The oncology community is flooded with new data and study results on a daily basis. And one is omnipresent: the p-value. To escape its spell and at the same time stay up to date is like an impossibility. After all, it is he who decides, for example, whether a new drug is classified as effective or not. But what does the p-value actually say exactly?
The most important thing up front: the smaller, the better. This is mostly true in this case and should be known to most people – even if the study of statistics dates back a few years and the interest is limited. Nevertheless, this gross simplification does an injustice to the p-value, because there is much more to it. Much more, which is not so difficult to understand.
Sense and purpose
The p-value has exactly one task. Namely, its sole purpose is to either maintain or reject the null hypothesis. For example, the p-value determines whether we accept the hypothesis that female oncologists are more intelligent than orthopedic surgeons. Our null hypothesis in this case would be “female oncologists are equally intelligent as orthopedic surgeons.” If the calculated p-value is smaller than the significance level, which is set in advance, we can assume that our null hypothesis is false, i.e. oncologists are – according to our expectation – more intelligent than orthopedists. On the other hand, if the p-value is greater than the significance level, we must retain the null hypothesis; the presumed difference in intelligence is not statistically significant.
And what is the significance level now, please?
The significance level is set by the study authors themselves, in most cases at 5%. This is how the famous picture p<0.05 comes about, which we are very familiar with from various publications – and often what we want to see. Because p<0.05 means that the null hypothesis can be rejected at the specified significance level of 5%, oncologists are more intelligent than orthopedists. The selected significance level represents a threshold value. It describes the tolerated probability of making a mistake with the rejection of the null hypothesis. With a significance level of 5%, we assume in our example for the acceptance of our conjecture (that oncologists are more intelligent than orthopedists) that the risk of making a false statement in this respect must be smaller than 5%. If we lower the critical value to 1%, the probability of error is correspondingly lower, but it is also more difficult to confirm our hypothesis. Conversely, we can increase the significance level to 50% – with the consequence that our statement has a 50% probability of being false and is therefore irrelevant.

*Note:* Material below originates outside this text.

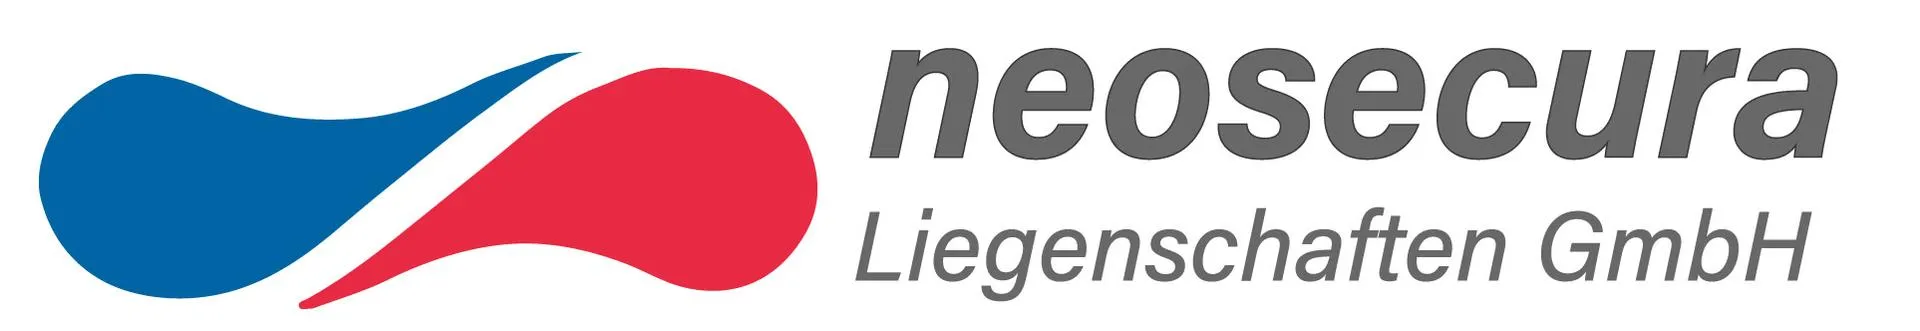 Makler neosecura Liegenschaften GmbH logo
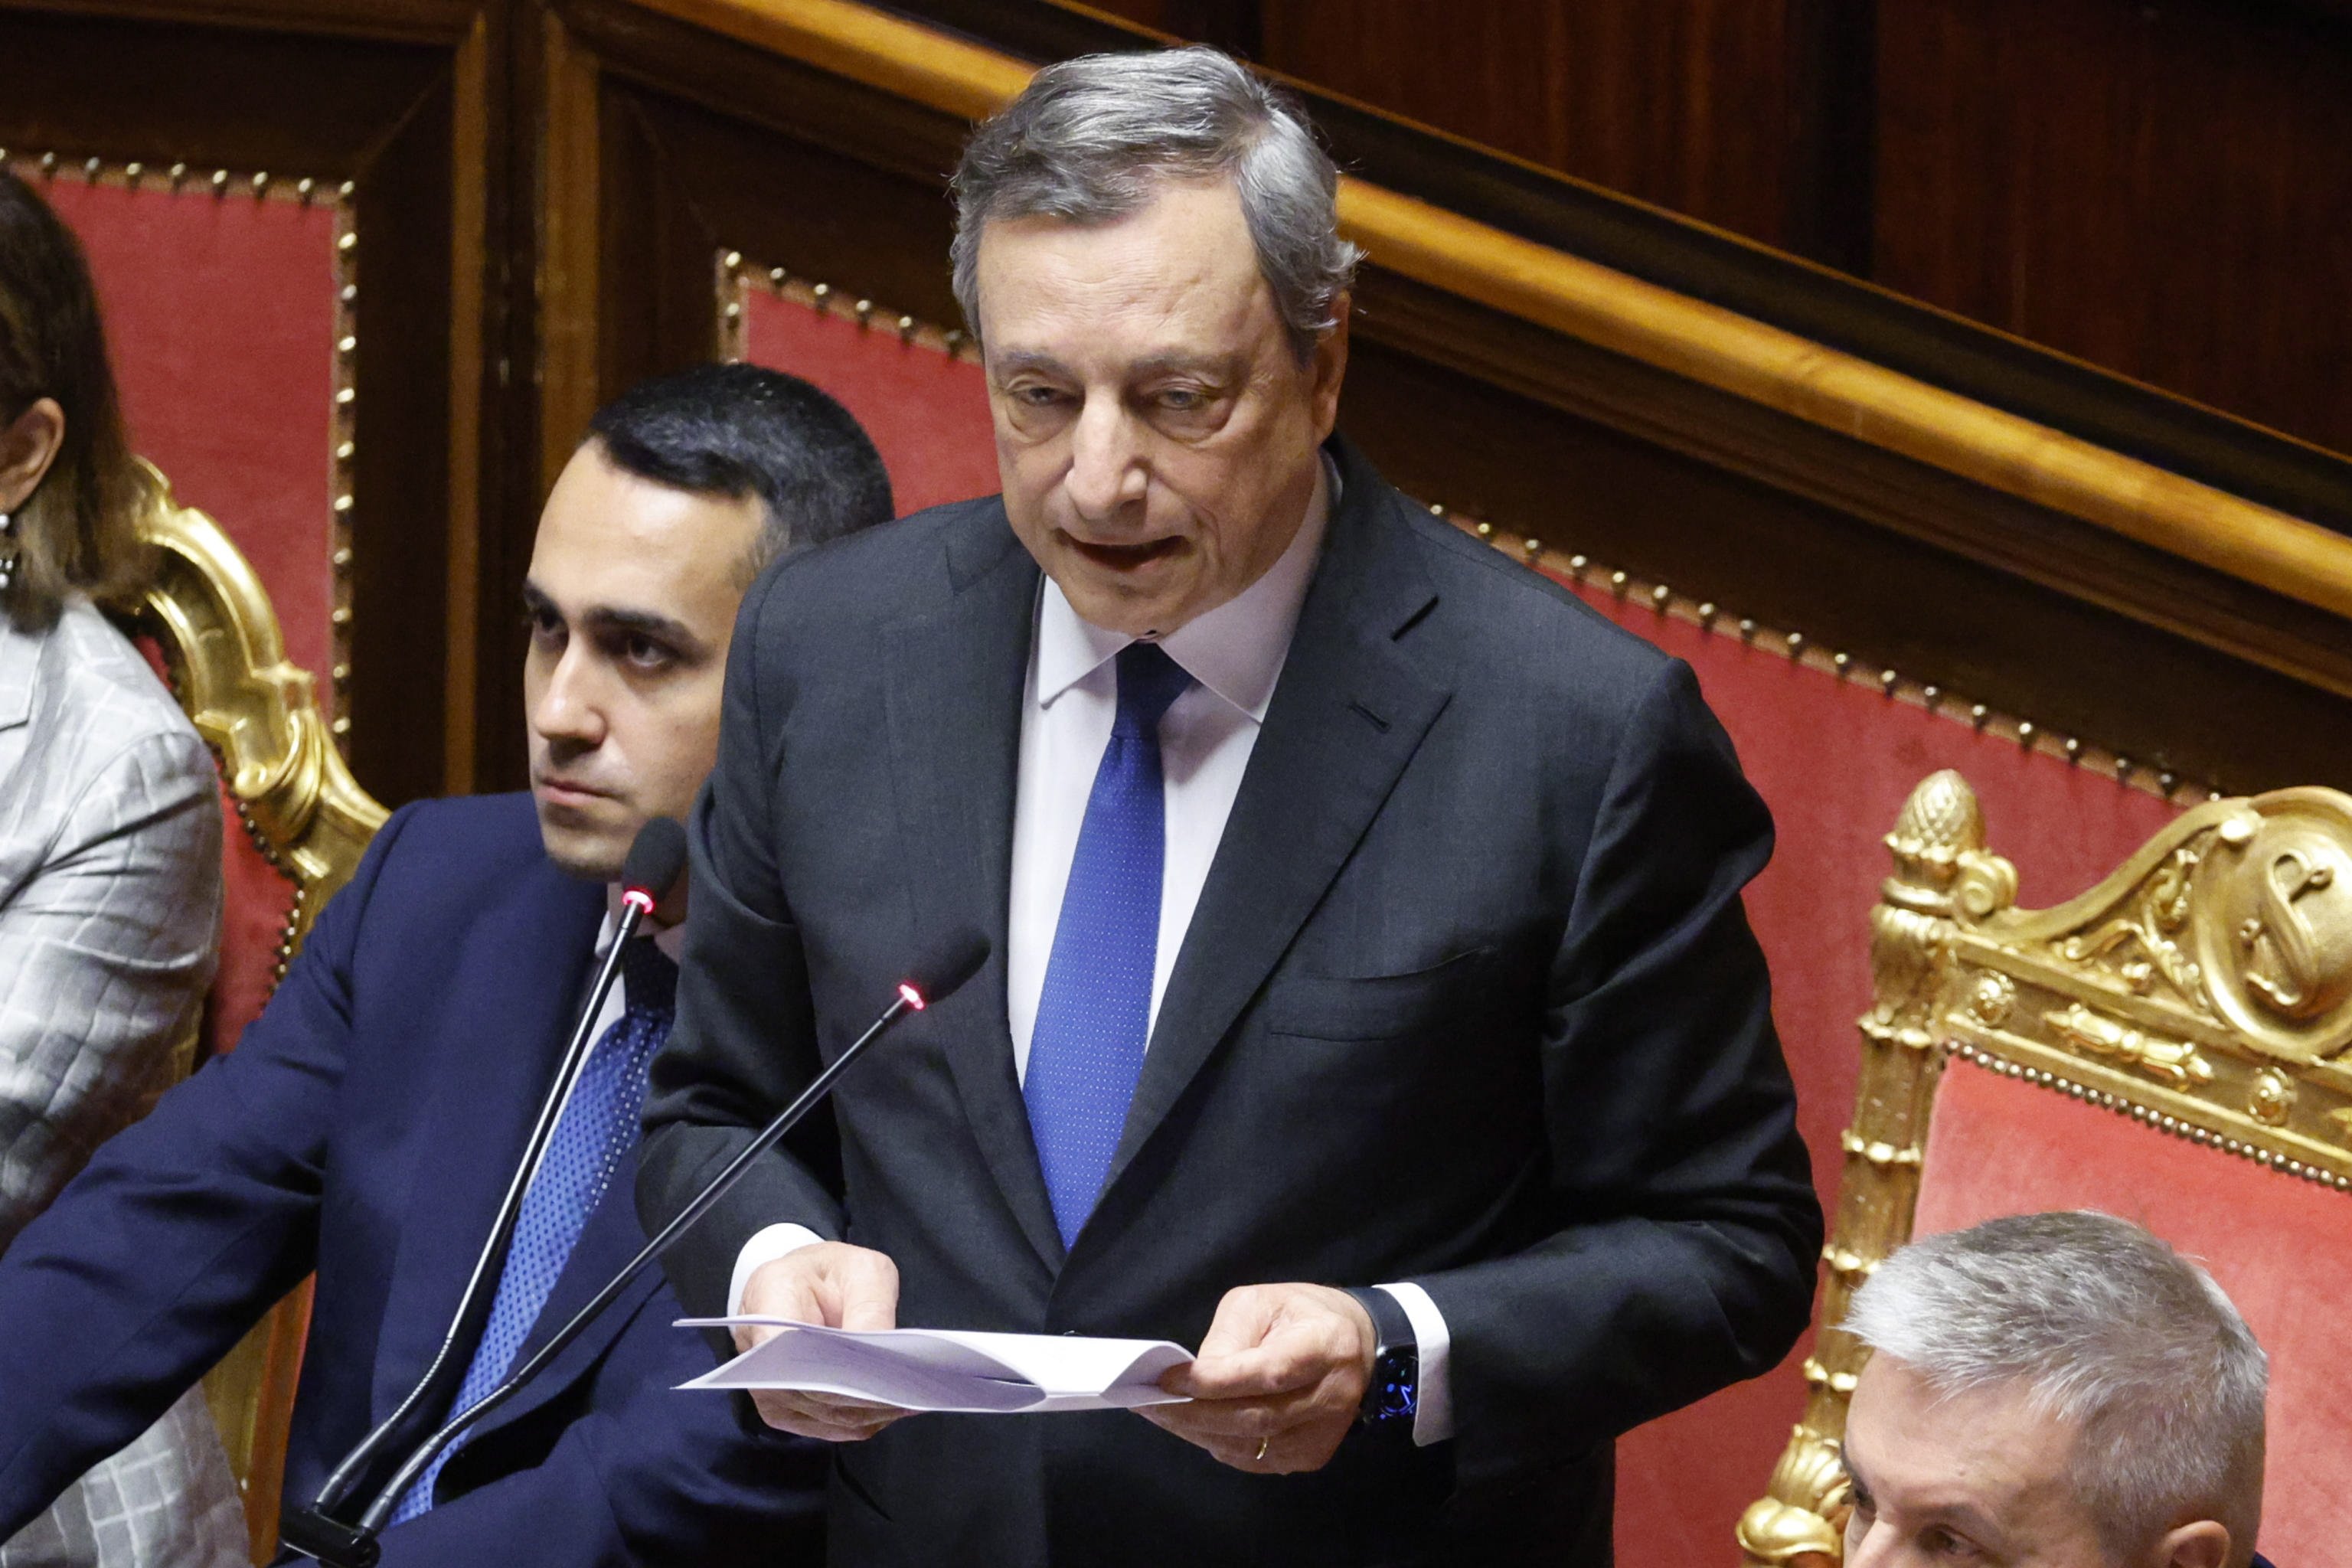 Mario Draghi reconsidera la seva dimissió a l'espera que els partits acceptin el seu programa

By understanding the significance level, it is now easy to also understand the statement of the p-value. This is because it indicates the risk of making a mistake by rejecting the null hypothesis. It is thus a measure of the probability of the outcome or even more extreme outcomes if the null hypothesis is true. Thus, if our study concludes that oncologists have an average of 20 IQ points more than orthopedists, the p-value is a measure of the likelihood that we observe an IQ difference of 20 or more IQ points in our sample, when in fact there is no IQ difference at all. If the p-value is 0.01, the probability of making such an error is 1%. In this case, if there is no IQ difference in the population, it is only 1% likely to draw a sample that is 20 IQ points or more apart. All clear?
Source: Fahrmeir L, et al: Statistics: The Way to Data Analysis. 8th ed. Springer Spektrum; 2016.
InFo ONCOLOGY & HEMATOLOGY 2021; 9(3): 26.
InFo PNEUMOLOGY & ALLERGOLOGY 2021; 3(4): 27.